Baca berita dengan sedikit iklan, klik di sini

Arsip

Isu Politik di Pengajian Selasa

Tak hanya mengurus korban kekerasan seksual, Hanifah Muyasarah melalui Balai Perempuan Annisa ikut mendampingi perempuan pekerja migran. Menyelipkan berbagai isu dalam pengajian.

30 April 2022 | 00.00 WIB

Image of Tempo
Perbesar
Nyai Hanifah Muyasarah di Pondok Pesantren Al Ihya Ulumaddin, Kesugihan, Cilacap, Jawa Tengah, 23 April 2022. TEMPO/M Taufan Rengganis

Baca berita dengan sedikit iklan, klik di sini

SEBELUM menginisiasi rumah aman bagi perempuan korban kekerasan seksual dan kekerasan dalam rumah tangga, Hanifah Muyasarah, pengasuh Pondok Pesantren Al-Ihya Ulumaddin, membidani lahirnya Balai Perempuan Annisa pada 2002. Pendirian perkumpulan ini dilatari banyaknya persoalan yang dialami perempuan pekerja migran asal Cilacap, Jawa Tengah.

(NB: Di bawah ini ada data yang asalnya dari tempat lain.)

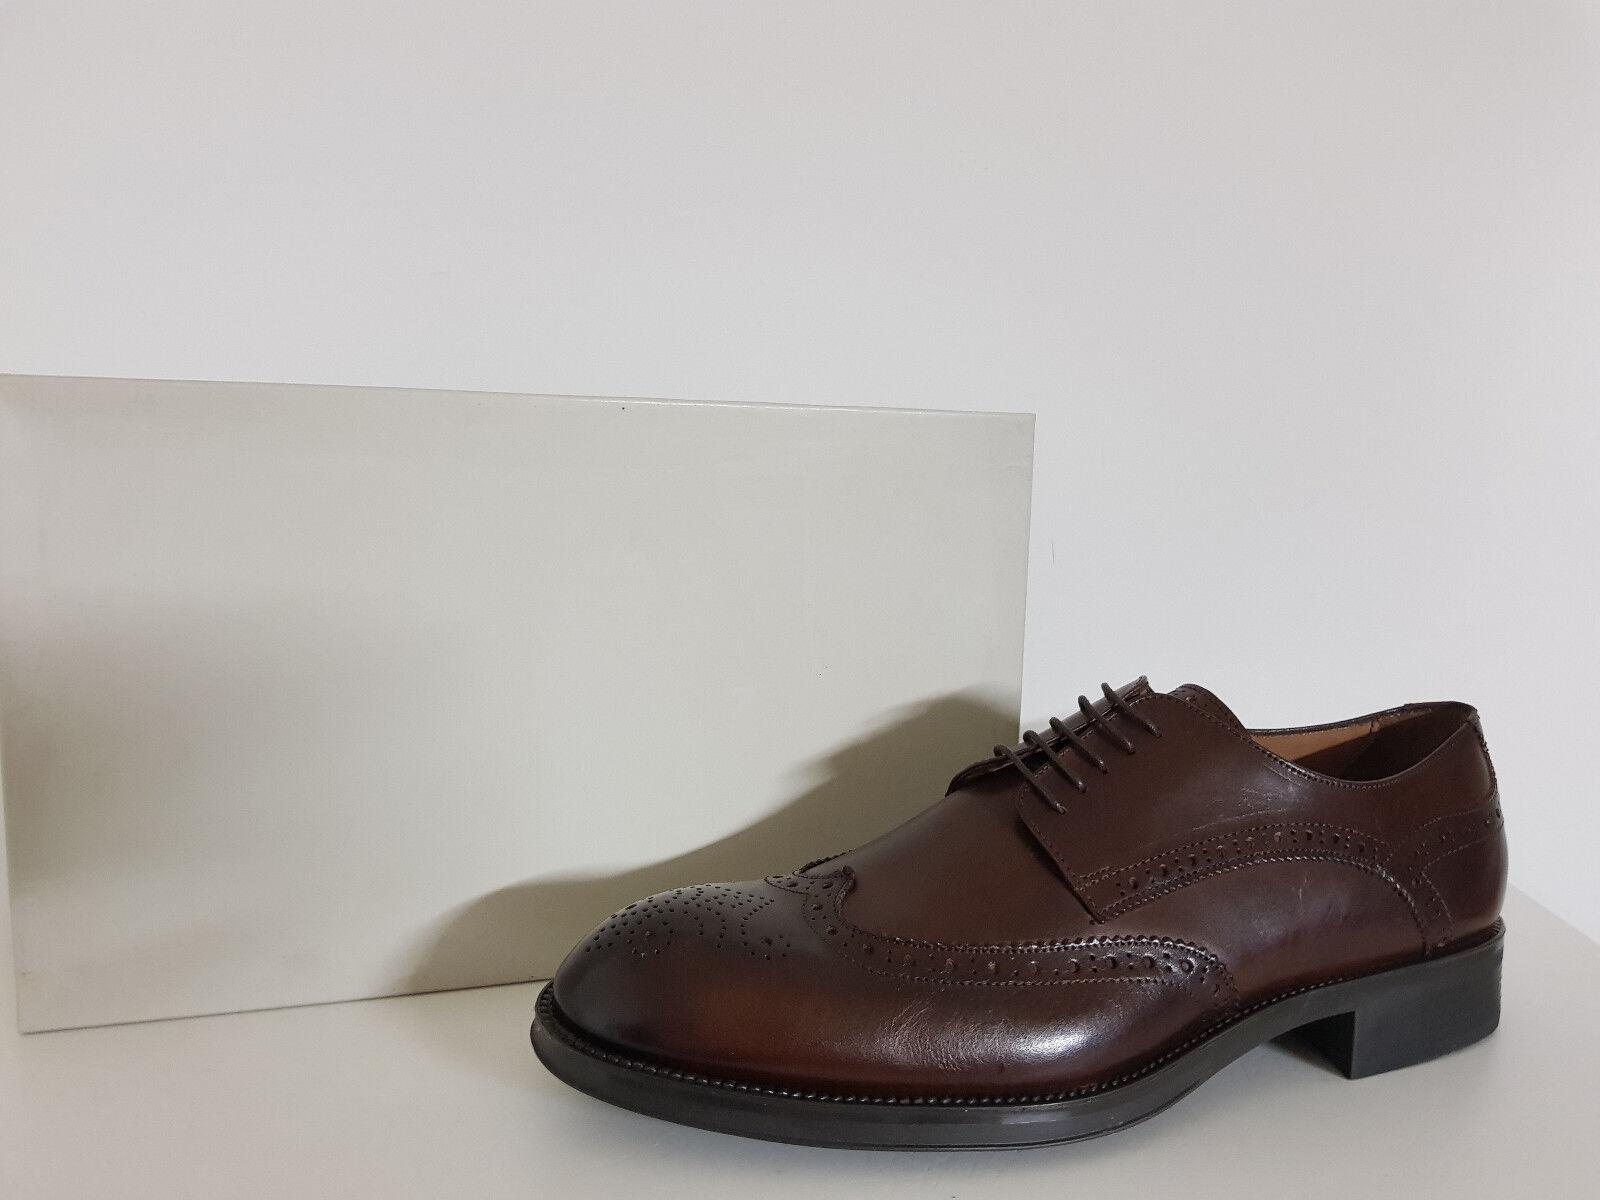 Herren Schuhe Gruppo Clark Rabatt. - 70%Nr. R2212 Far. Leder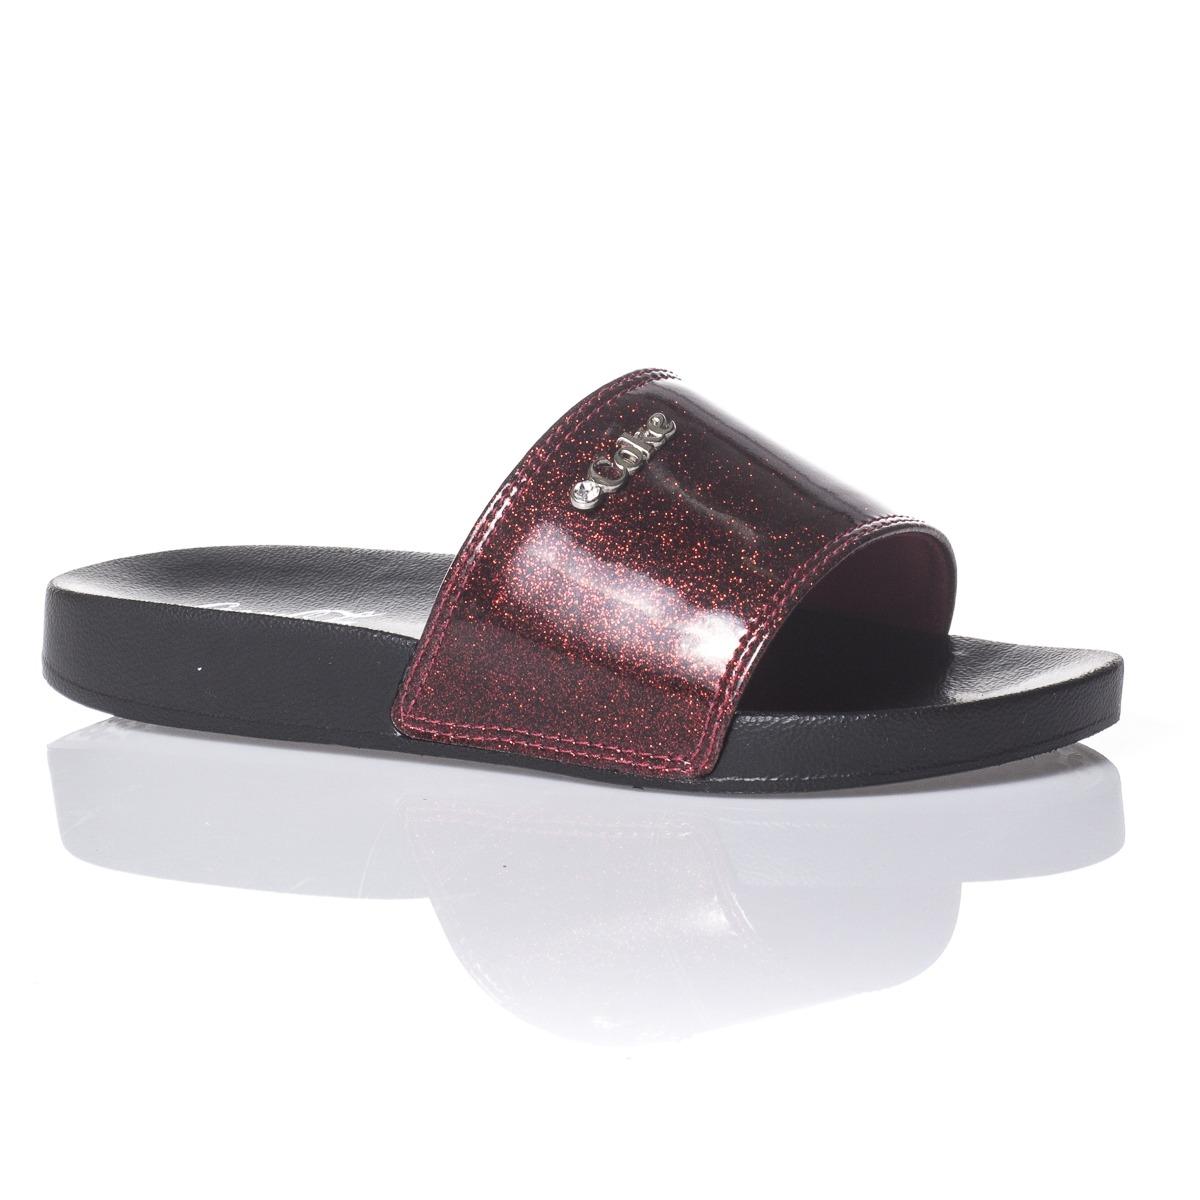 4278d707b chinelo slide coca-cola shoes glitter preto/vermelho. Carregando zoom.

“Pendampingan ini penting karena Cilacap menjadi kantong pekerja migran terbesar di Jawa Tengah,” kata Muyasarah, Sabtu, 23 April lalu. Data Badan Perlindungan Pekerja Migran Indonesia menunjukkan jumlah pekerja migran dari Cilacap terbanyak ketiga setelah Indramayu, Jawa Barat, dan Ponorogo, Jawa Timur.

Muyasarah bercerita, ada banyak kasus yang menimpa buruh migran, seperti hilang kontak dengan keluarganya, mengalami kekerasan oleh majikan, dan dipekerjakan di bawah umur. Kasus itu juga banyak terjadi di Kecamatan Kesugihan, tempat pesantren itu berdiri. Lewat Balai Annisa, Muyasarah ingin menangani dan mencegah berbagai kasus yang menimpa pekerja migran.

Perempuan kelahiran Majenang, 19 Oktober 1969, ini juga mengajak para mantan buruh migran, pedagang, petani, hingga ibu rumah tangga di sekitarnya untuk mengaji. Pengajian ini sengaja digelar setiap Selasa siang di rumah Muyasarah.

Awalnya, pengajian itu kurang diminati karena warga sekitar pesantren menganggap kegiatan itu hanya untuk orang yang memiliki pengetahuan agama tinggi. “Kebanyakan dari mereka salat hanya sekali sehari,” ucap Muyasarah. Belakangan, anggota Balai Perempuan Annisa yang mengikuti pengajian bertambah, dari semula hanya 30 orang menjadi 150-an orang.

Persamuhan setiap Selasa itu tak melulu membahas isi kitab, tapi juga persoalan politik dan sosial. Misalnya, mereka belajar merumuskan kebutuhan penggunaan dana desa, isu kesetaraan gender, serta perlindungan terhadap anak-anak. Muyasarah juga menggelar berbagai pendidikan dan pelatihan untuk peserta pengajian.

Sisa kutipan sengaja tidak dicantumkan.